On May 25, 2019, Bong Joon-ho, the 49-year-old filmmaker from Daegu, South Korea, ascended the stairs to the Palais des Festivals stage and accepted the Palm d’Or for Parasite. It was the first time a Korean filmmaker claimed the prestigious prize in what many considered to be the greatest film competition in world cinema. And the decision was unanimous: Parasite was the best film of the 72nd Cannes Film Festival.
On Feb. 8, 2020, Bong once again ascended the stairs, only this time he did so in the hallowed halls of Hollywood, and he did it four times: first for Original Screenplay, second for International Film, third for Director and fourth for Picture. First times all for a film from the Korean peninsula and the first for a foreign-language film netting top prize. Parasite was the best film of the 92nd Academy Awards.
Parasite, a black and bleak comedy about the haves, the have-nots and the have-lesses, will go down in cinematic history for a variety of reasons, in addition to being a damn good film, but no award is without context. Parasite’s critical and box office success is both a tip of the hat to the film itself, and to the industry from which it came. And some of the best movies from the 21st century have come from South Korea.
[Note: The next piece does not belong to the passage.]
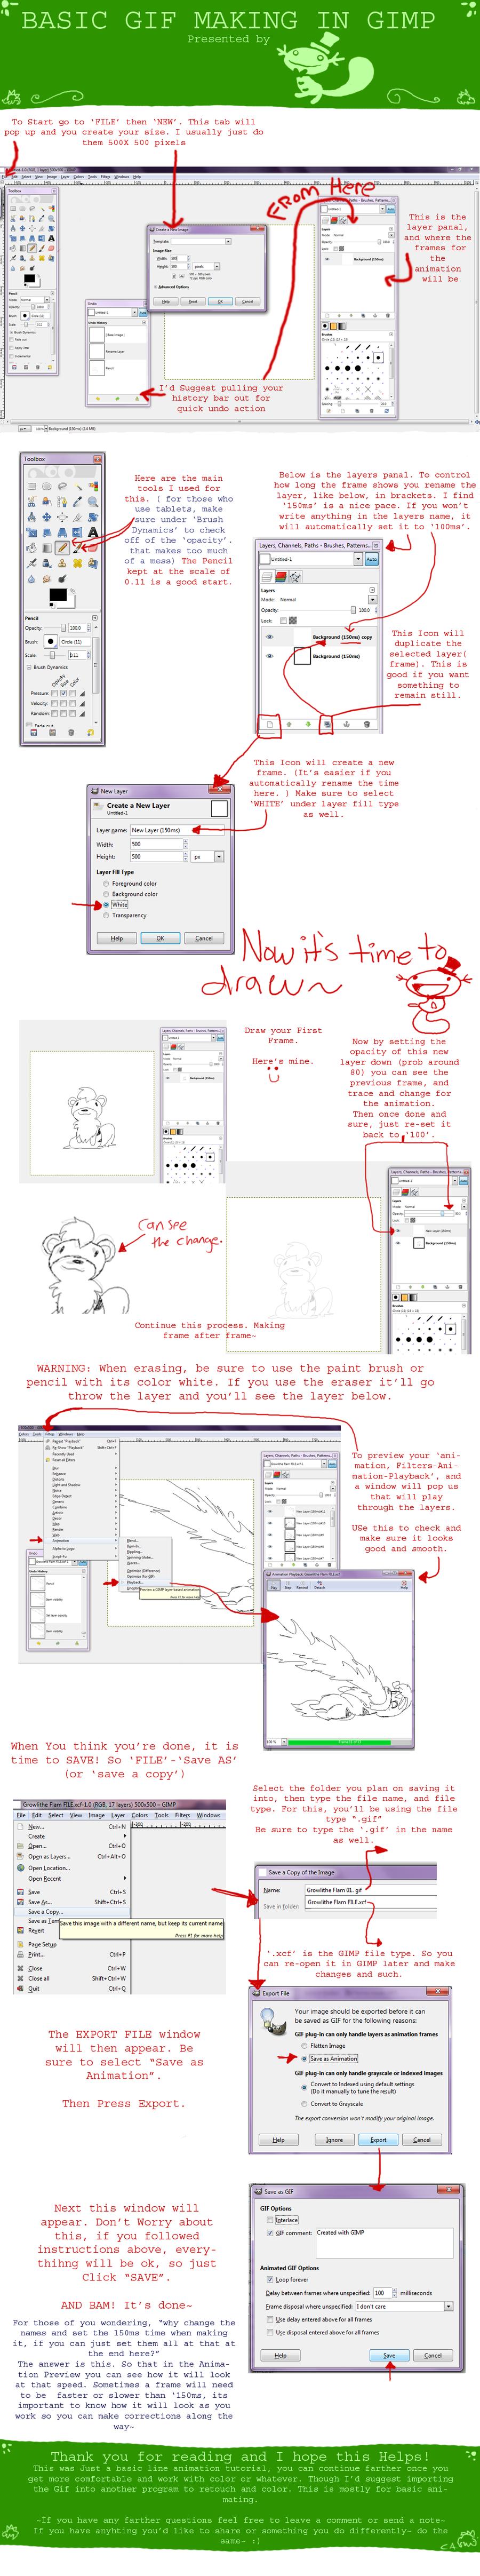 Basic GIMP Animated GIFs tutorial by CrazyIguana

Has Parasite piqued your curiosity? Then Fort Collins’ premier movie house, The Lyric, has the series for you, Essential Cinema: South Korea. Five movies over the next six weeks to get you hooked.
Parasite is up first (Feb. 22, 29), followed by The Host (Feb. 29 and March 4) and Mother (March 7 and March 11), all from the fertile mind of Bong, and all exemplifying Bong’s cinematic range. The Host is iconoclastic — a monster movie in the vein of Godzilla, audaciously filmed in broad daylight — Parasite is metaphoric, and Mother’s subversion plunders the depths of the monster within.
A familiar face in Bong’s movies, Song Kang-ho stars in A Taxi Driver (Feb. 29 and March 4), a 2017 historical drama from director Jang Hoon set during the May 1980 Gwangju Uprisings. It’s a well-made historical drama, the kind designed to expose the moviegoing public to a massacre often overlooked at home and virtually unknown aboard.
The final film in the series, The Handmaiden (March 28 and April 1), is from Park Chan-wook, one of a handful of Korean directors whose name has currency on the world stage. And like Bong, Park derives a certain amount of pleasure in being diabolical with both the rich and poor.
Yet, there’s nothing rotten in the cinema of Seoul — each of these films is vibrant, energetic and bursting with cinematic pleasures. To see them is to love them and to love foreign cinema is to experience life beyond your borders.
And, as a bonus, Wednesday screenings will be followed by a discussion led by Dr. Hye Seung Chung, associate professor of film and media studies at Colorado State University.
ON THE BILL: Essential Cinema: South Korea. Feb. 22-April 1, The Lyric, 1209 N. College Ave., Fort Collins, 80524, 970-426-6767.